Data Wrangling for UK Internet Usage

Andrew Bolster

Senior R&D Manager (Data Science) at Black Duck Software and Treasurer @ Bsides Belfast and NI OpenGovernment Network

This post is a little different from my usual fare;

Basically, there was a tweet from MATRIX NI that caught my eye; the latest Office of National Statistics report on Internet Use in the UK.

Basically, NI “lost”. So I thought it was a good opportunity to play around with the data a little bit instead of my usual stuff.

As such this sent me on two main thrusts;

  1. Demonstrating a little sample of my normal workflow with data wrangling using Python, Pandas, Plot.ly and a few other tools. This is not clean code and it’s not pretty.
  2. NI Sucks at the internet and I believe this statistic is the more realistic, reliable, and impactful metric to target economic and cultural growth/stability/recovery/happiness/whatever.

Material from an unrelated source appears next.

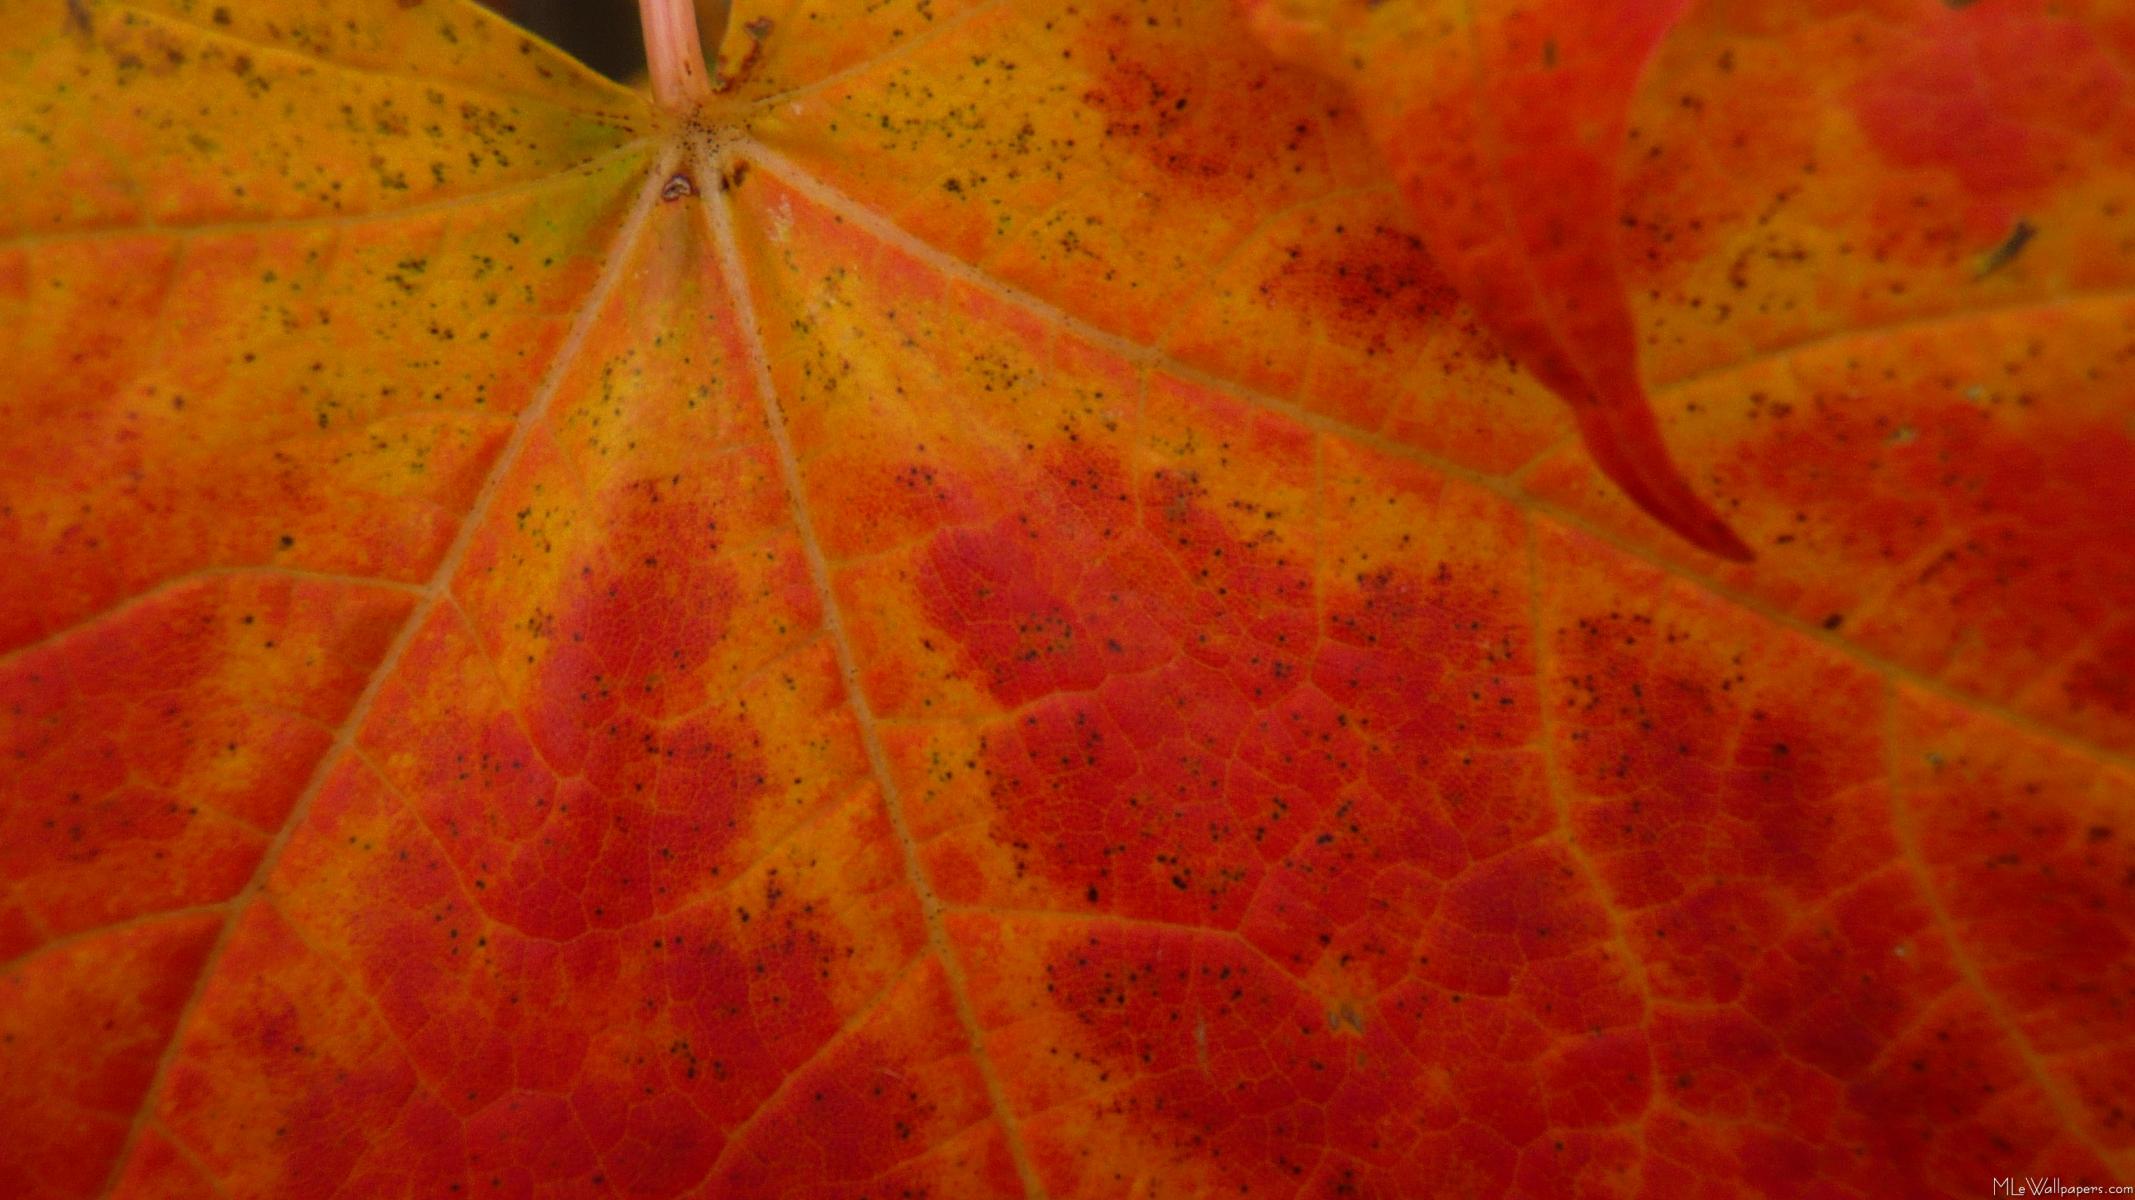 falling maple leaf wallpaper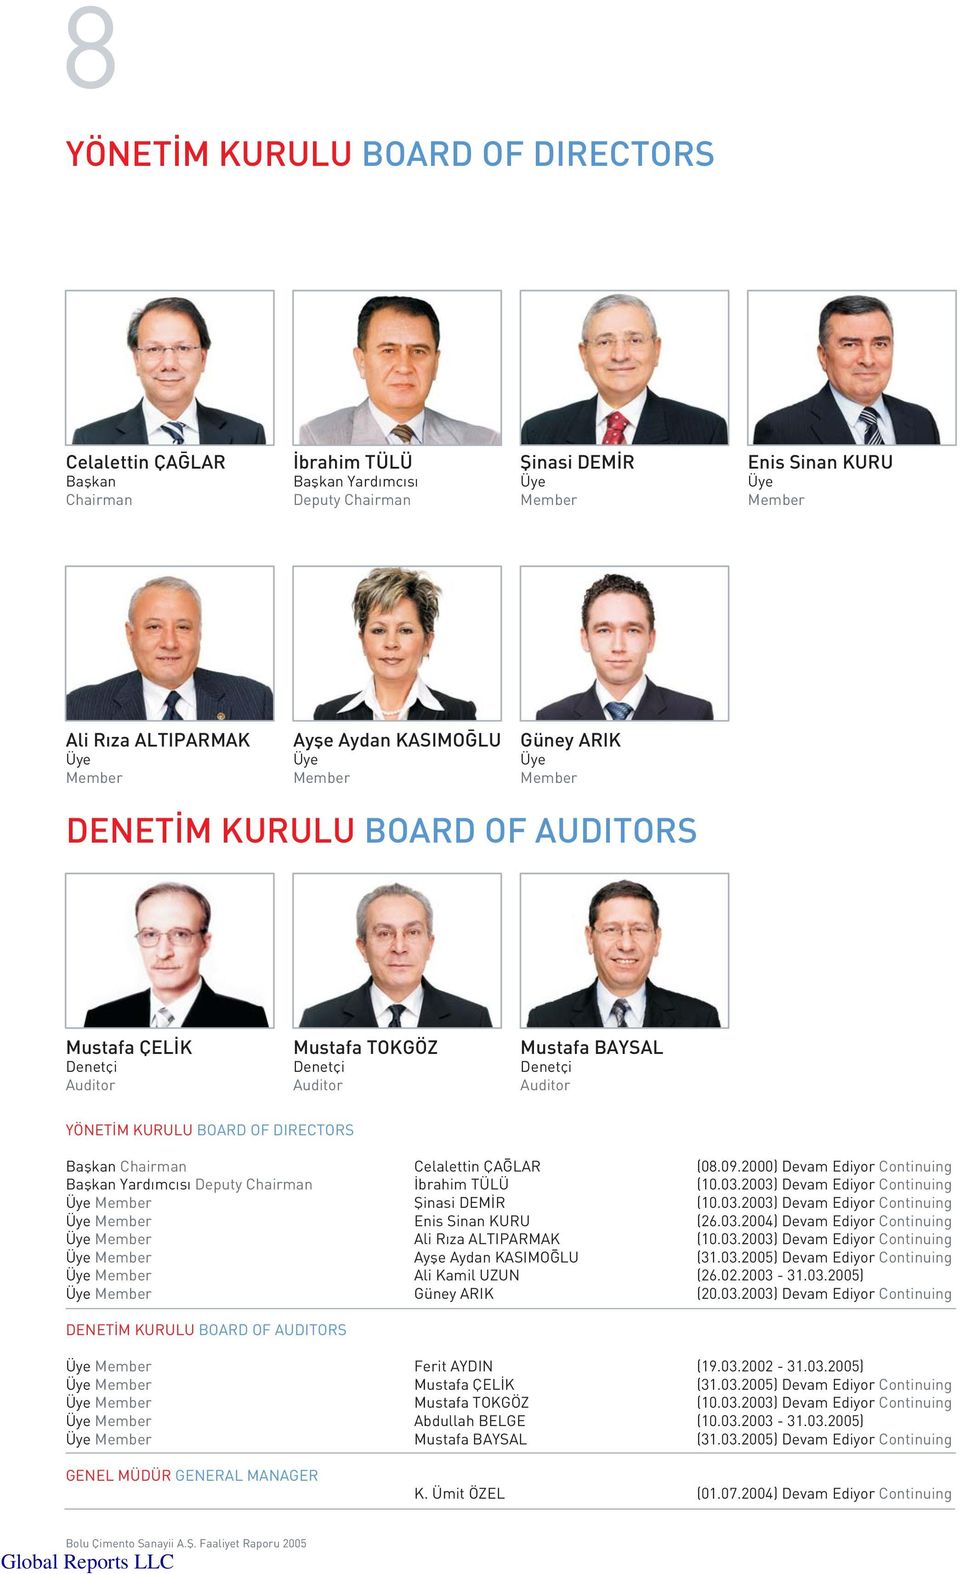 BOARD OF DIRECTORS Baflkan Chairman Celalettin ÇA LAR (08.09.2000) Devam Ediyor Continuing Baflkan Yard mc s Deputy Chairman brahim TÜLÜ (10.03.

Unfortuately the data massage, both in terms of dealing with the Excel data and then massaging the outputs into something the blog could safely handle took longer than I’d expected so the follow up will have to wait for another time.

Until then, well, here’s some data to play with.

“Open Data” sucks

When I’m working on something like this, I usually end up spending about 80% of my time just getting the data into a format that can be used reasonably; Excel documents are NOT accessible open data standards and they should all go die in a fire… But this is what we’ve got.

Lets kick things off with a few ‘preambles’.

In [1]:

import pandas as pd
import plotly.plotly as py
import statsmodels as sm

from sklearn.linear_model import LinearRegression
import scipy, scipy.stats

import cufflinks as cf # Awesome Pandas/Plot.ly integration module https://github.com/santosjorge/cufflinks

py.sign_in('bolster', 'XXXXXXX')

png

Pandas has the relatively intelligent read_excel method that… well… does what it says on the tin.

Since every gov department appears to use Excel as a formatting and layout tool rather than a data management platform, there are lots of pointlessly empty rows and columns that we can drop, so we end up with the top of a data structure like this.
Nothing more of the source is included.